= Attia gens =

The gens Attia was a plebeian family at Rome, which may be identical with the gens Atia, also sometimes spelled with a double t. This gens is known primarily from two individuals: Publius Attius Atimetus, a physician to Augustus, and another physician of the same name, who probably lived later during the first century AD, and may have been a son of the first. A member of this family rose to the consulship in the early second century, but his career is known entirely from inscriptions.

==Members==
- Publius Attius Atimetus, physician to Augustus, perhaps the same person as the freedman of the physician Cassius, who lived in the time of Scribonius Largus, physician to Claudius, and who was quoted by Galen, who gives his name as Atimetrus.
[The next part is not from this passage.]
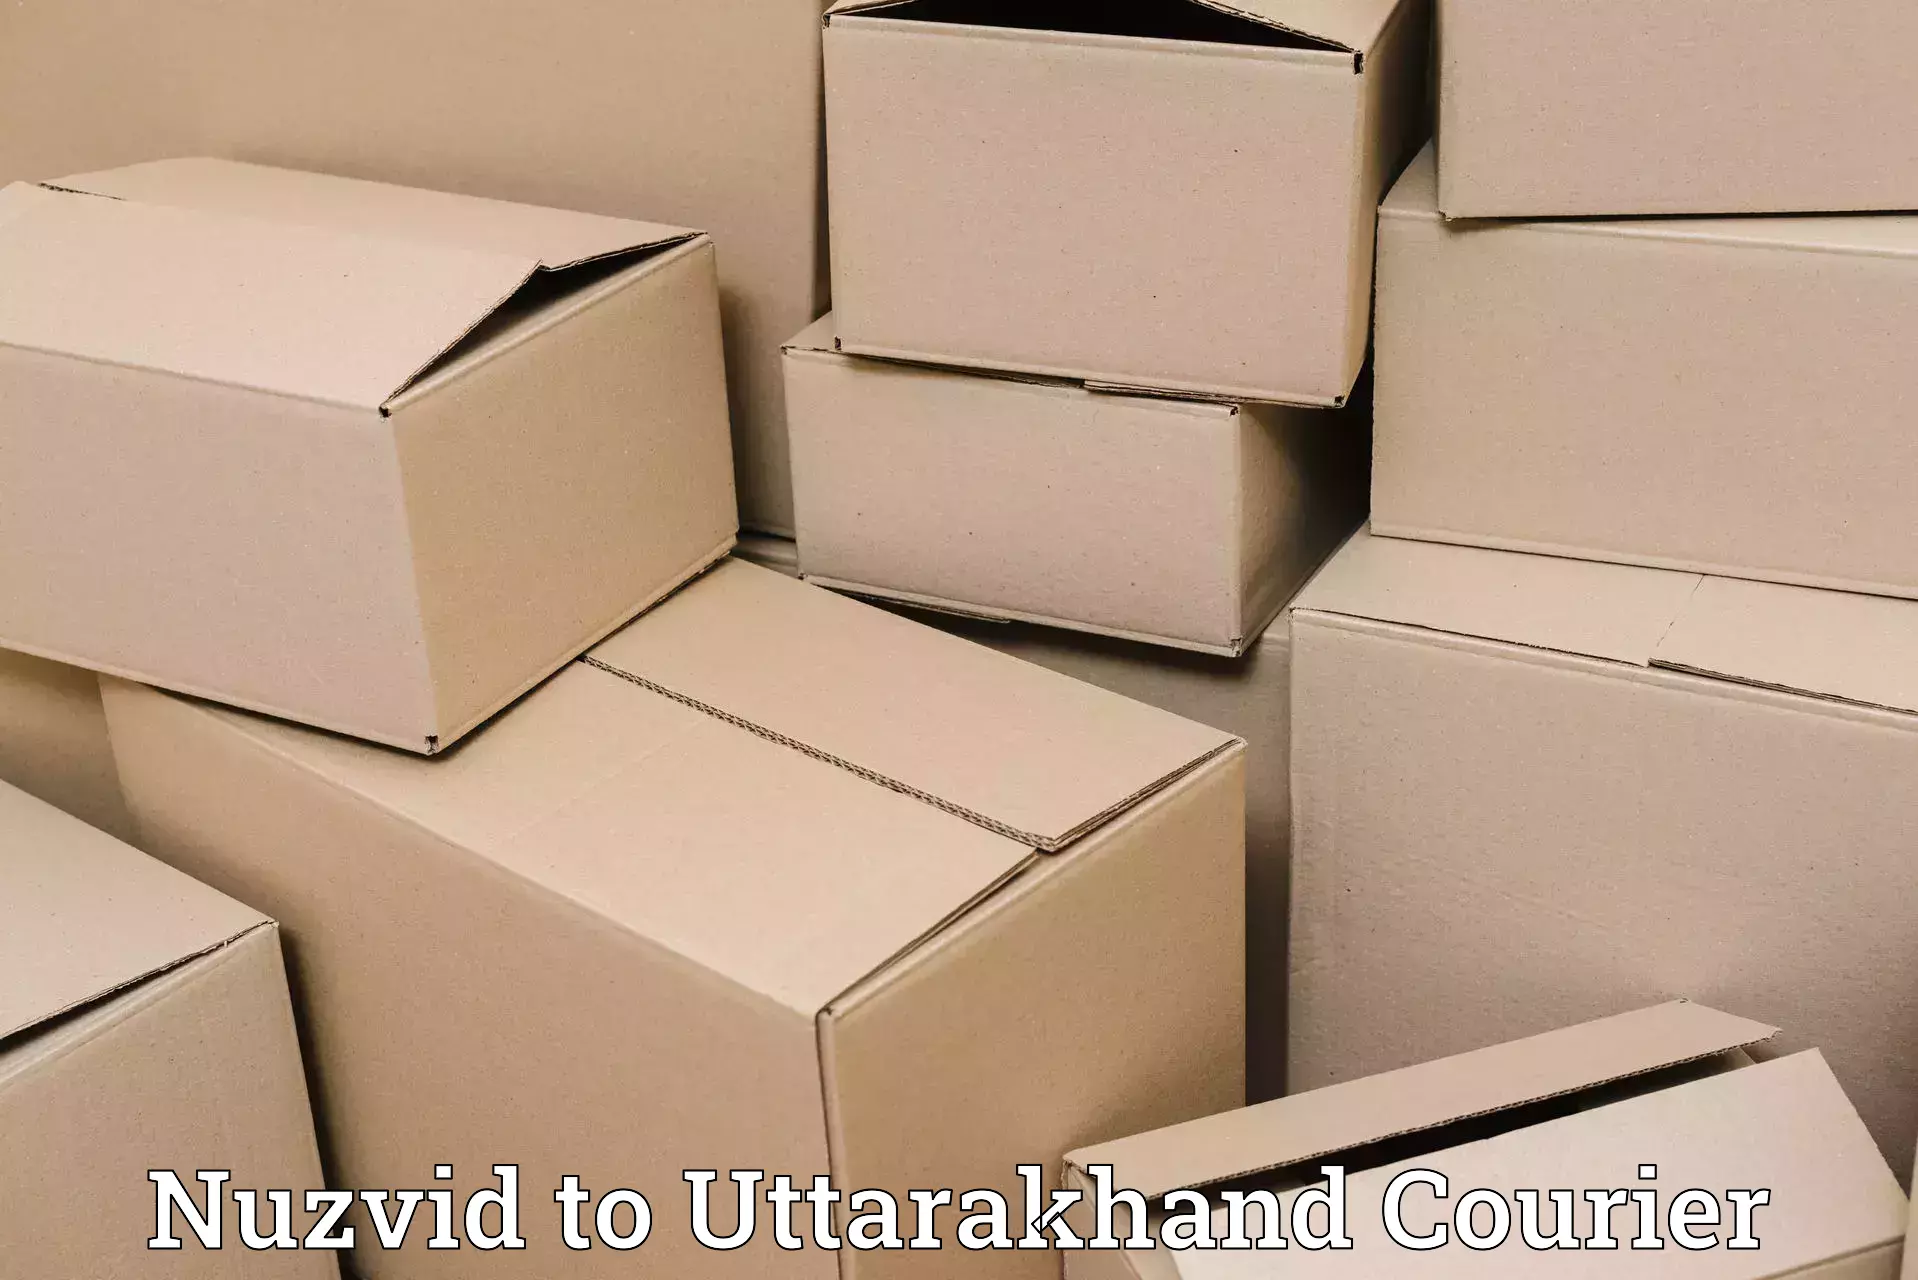 Flexible shipping options in Nuzvid to Haridwar

- Publius Attius Atimetus, another physician, probably later during the first century AD.
- Publius Attius Varus, governor of Africa and supporter of Pompey, active during Caesar's civil war.
- Attius Labeo, a Roman poet who translated the works of Homer. His translation has been lost.
- Sextus Attius Suburanus, consul suffectus in AD 101, consul in 104.
- Lucius Attius Macro, consul suffectus from the Kalends of September to the end of the year in AD 134. He had previously served as praetor, legate of the first legion at Brigetio, and the seventh legion in Hispania Tarraconensis, and was governor of Pannonia Inferior from 130 to 134.
- Marcus Attius Cornelianus, Praetorian prefect under Alexander Severus.